Traduction par A. J. B. Defauconpret.
Furne (Œuvres, tome premierp. 7-13).

CHAPITRE II.


Le monde se subdivise en cercles plus ou moins étroits qui s’appellent encore le monde.
Swift.


Le lendemain du jour où avait eu lieu la conversation que nous venons de rapporter, Mrs Wilson, ses nièces et son neveu profitèrent de la beauté du temps pour pousser leur promenade jusqu’au presbytère, où ils avaient l’habitude de faire de fréquentes visites. Ils venaient de traverser le petit village de B***, lorsqu’une belle voiture de voyage à quatre chevaux passa près d’eux et prit la route qui conduisait au Doyenné.

— Sur mon âme ! s’écria John, ce sont nos nouveaux voisins, les Jarvis ! Oui, oui, le vieux marchand doit être celui qui est tellement blotti dans le fond de la voiture que je l’avais pris d’abord pour une pile de cartons. Cette figure fardée et surmontée d’un si grand nombre de plumes doit être celle de la vieille dame… de Mrs Jarvis, veux-je dire ; les deux autres sont sans doute les belles miss Jarvis.

— Vous vous pressez bien de prononcer sur leur beauté, John, s’écria Jane ; attendez que vous les ayez vues, avant de compromettre ainsi votre goût.

— Oh ! répliqua John, j’en ai assez vu pour… Il fut interrompu par le bruit d’un tilbury des plus élégants, que suivaient deux domestiques à cheval. Dans cet endroit la route se divisait en plusieurs branches. Le tilbury s’arrêta, et, au moment où John et ses sœurs passaient auprès, un jeune homme en descendit et vint à leur rencontre. Du premier coup d’œil il reconnut le rang des personnes auxquelles il allait s’adresser, et les saluant d’un air gracieux, après leur avoir fait des excuses d’interrompre leur promenade, il les pria de vouloir bien lui indiquer la route qui conduisait au Doyenné. — Celle à droite, Monsieur, répondit John en lui rendant son salut.

— Demandez-leur, colonel, lui cria son ami, qui était resté dans le tilbury, et qui tenait les rênes, si la voiture qui vient de passer a pris cette route.

Le colonel, dont toutes les manières annonçaient un homme du meilleur ton, jeta un regard de reproche sur son compagnon, pour se plaindre du ton leste et peu convenable qu’il avait pris, et fit la question qu’il désirait. Après avoir reçu une réponse affirmative, il s’inclina de nouveau et allait remonter en voiture lorsqu’un des chiens d’arrêt qui suivaient le tilbury sauta sur Jane, et salit sa robe avec ses pattes pleines de boue.

— Ici, Didon, s’écria le colonel en se hâtant de rappeler le chien ; et, après avoir fait à Jane les excuses les plus polies, il rejoignit son compagnon en recommandant à un de ses domestiques de prendre garde à Didon. L’air et les manières de ce jeune homme étaient fort distingués ; il eût été facile de reconnaître qu’il était militaire, quand même son compagnon, plus jeune, mais moins aimable, ne l’eût pas appelé colonel. Le colonel paraissait avoir trente ans, et ses beaux traits et sa tournure élégante étaient également remarquables, tandis que son ami, plus jeune de quelques années, était loin de lui ressembler.

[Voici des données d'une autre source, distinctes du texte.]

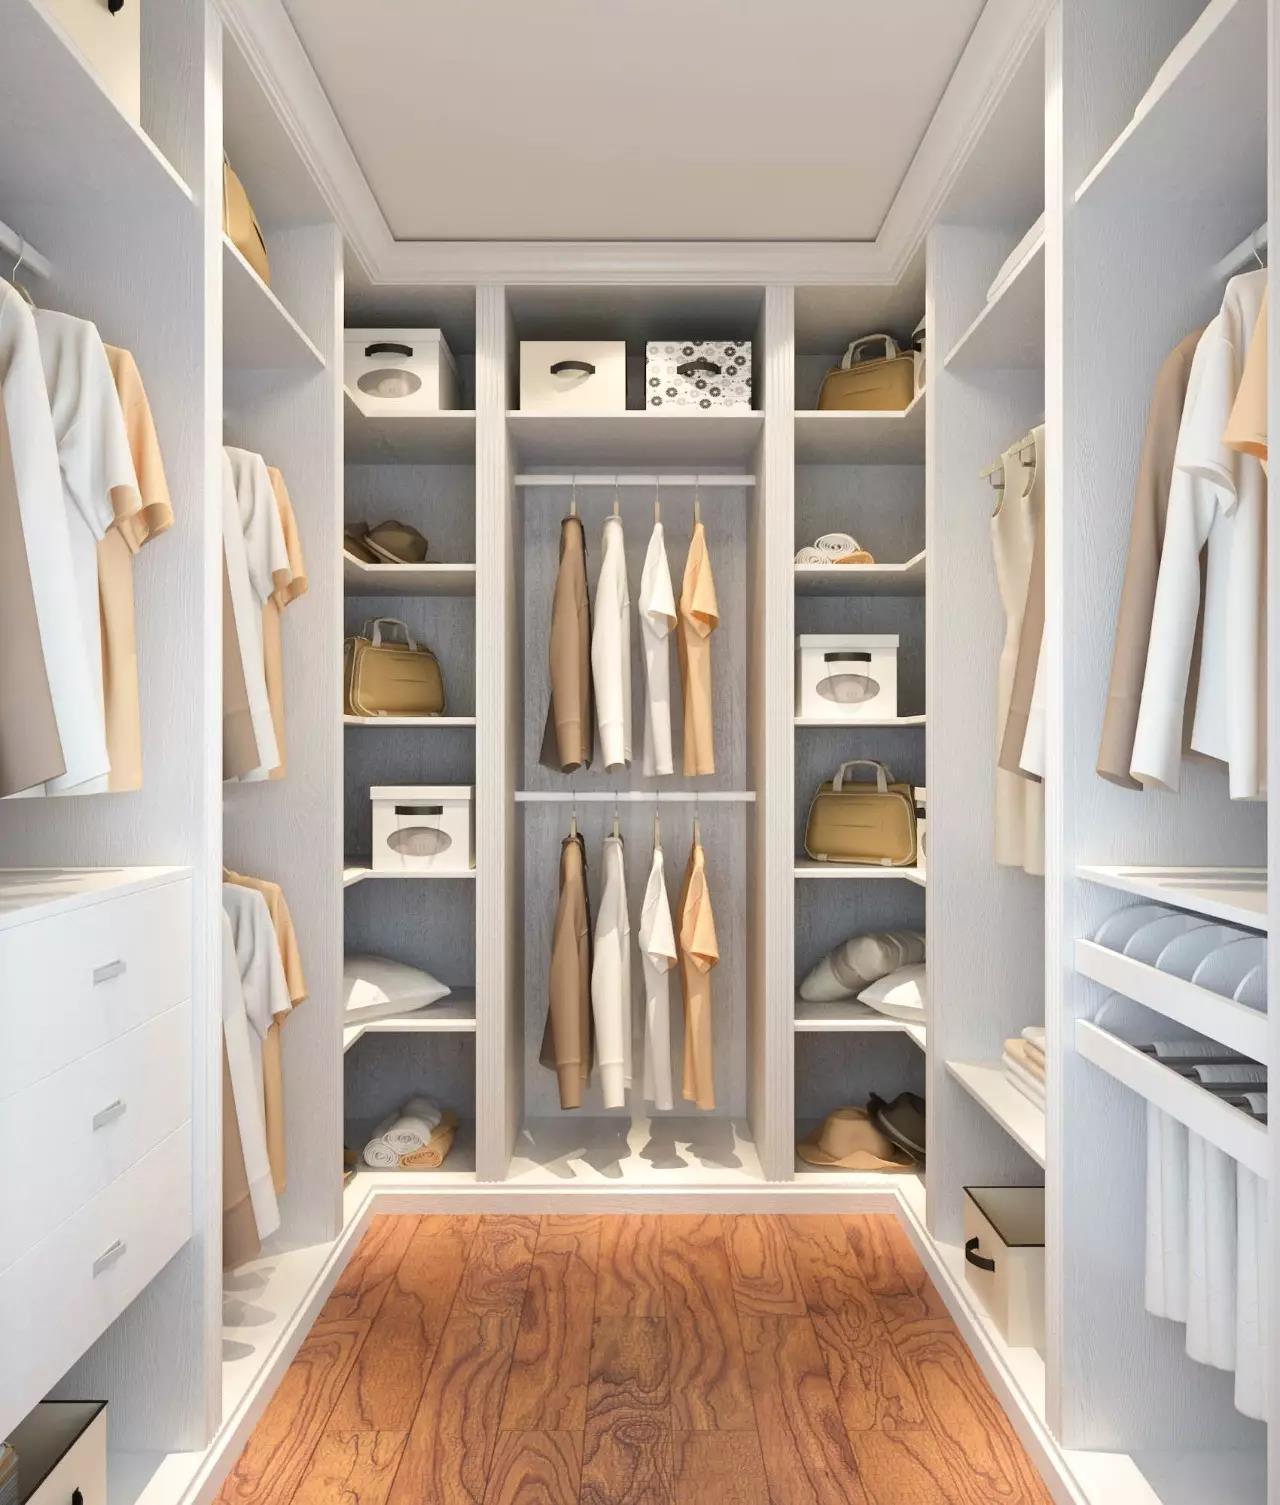 收纳篮也是常见的衣柜五金配件

— Je voudrais bien savoir quels sont ces messieurs, dit Jane au moment où la route, formant un coude, les dérobait à leurs regards.

— Ce qu’ils sont, répondit son frère ; parbleu ! ce sont les Jarvis : ne les avez-vous pas entendus demander le chemin du Doyenné ?

— Celui qui tenait les guides peut être un Jarvis ; pour celui-là je vous l’abandonne : mais quant au jeune homme qui nous a parlé, c’est une autre affaire ; vous savez, John, qu’on l’a appelé colonel.

— Eh bien, oui ! c’est cela même, dit John d’un air railleur, le colonel Jarvis ; c’est sans doute l’alderman. Ces messieurs sont ordinairement colonels des volontaires de la Cité.

— Fi ! Monsieur, dit Clara avec un sourire ; au lieu de plaisanter, vous feriez mieux de chercher avec nous quels peuvent être ces étrangers.

— Très-volontiers, ma chère sœur ; voyons, cherchons ensemble. Commençons par le colonel. Quel est votre avis, Jane ?

— Que puis-je vous dire, John ? Ce qui est certain, c’est que, quel qu’il soit, le tilbury lui appartient, quoiqu’il ne le conduise pas lui-même, et c’est un gentilhomme autant par la naissance que par l’éducation.

— Peste, Jane, quelle assurance ! Qui donc, je vous prie, vous a si bien mise au fait ? Mais ce sont encore de vos conjectures, et voilà tout.

— Non, Monsieur, ce ne sont pas des conjectures, je suis certaine de ce que je dis.

Mrs Wilson et les sœurs de Jane, qui jusque-là avaient pris peu d’intérêt à ce dialogue, la regardèrent avec quelque surprise ; John le remarqua.

— Bah ! s’écria-t-il, elle n’en sait pas plus que nous !

— Si fait, Monsieur.

— Voyons, ajouta son frère, dites-nous alors ce que vous savez.

— Eh bien donc ! les armes qui étaient peintes sur les deux voitures étaient différentes.

John ne put s’empêcher de rire. — C’est une bonne raison sans doute pour présumer que le tilbury appartient au colonel, et qu’il n’est point de la famille des Jarvis. Mais sa noblesse ? l’avez-vous découverte à ses manières et à sa démarche ?

Jane rougit un peu. — L’écusson peint sur le tilbury avait six quartiers, répondit-elle. Émilie partit d’un éclat de rire, John continua ses plaisanteries, et bientôt ils arrivèrent au presbytère.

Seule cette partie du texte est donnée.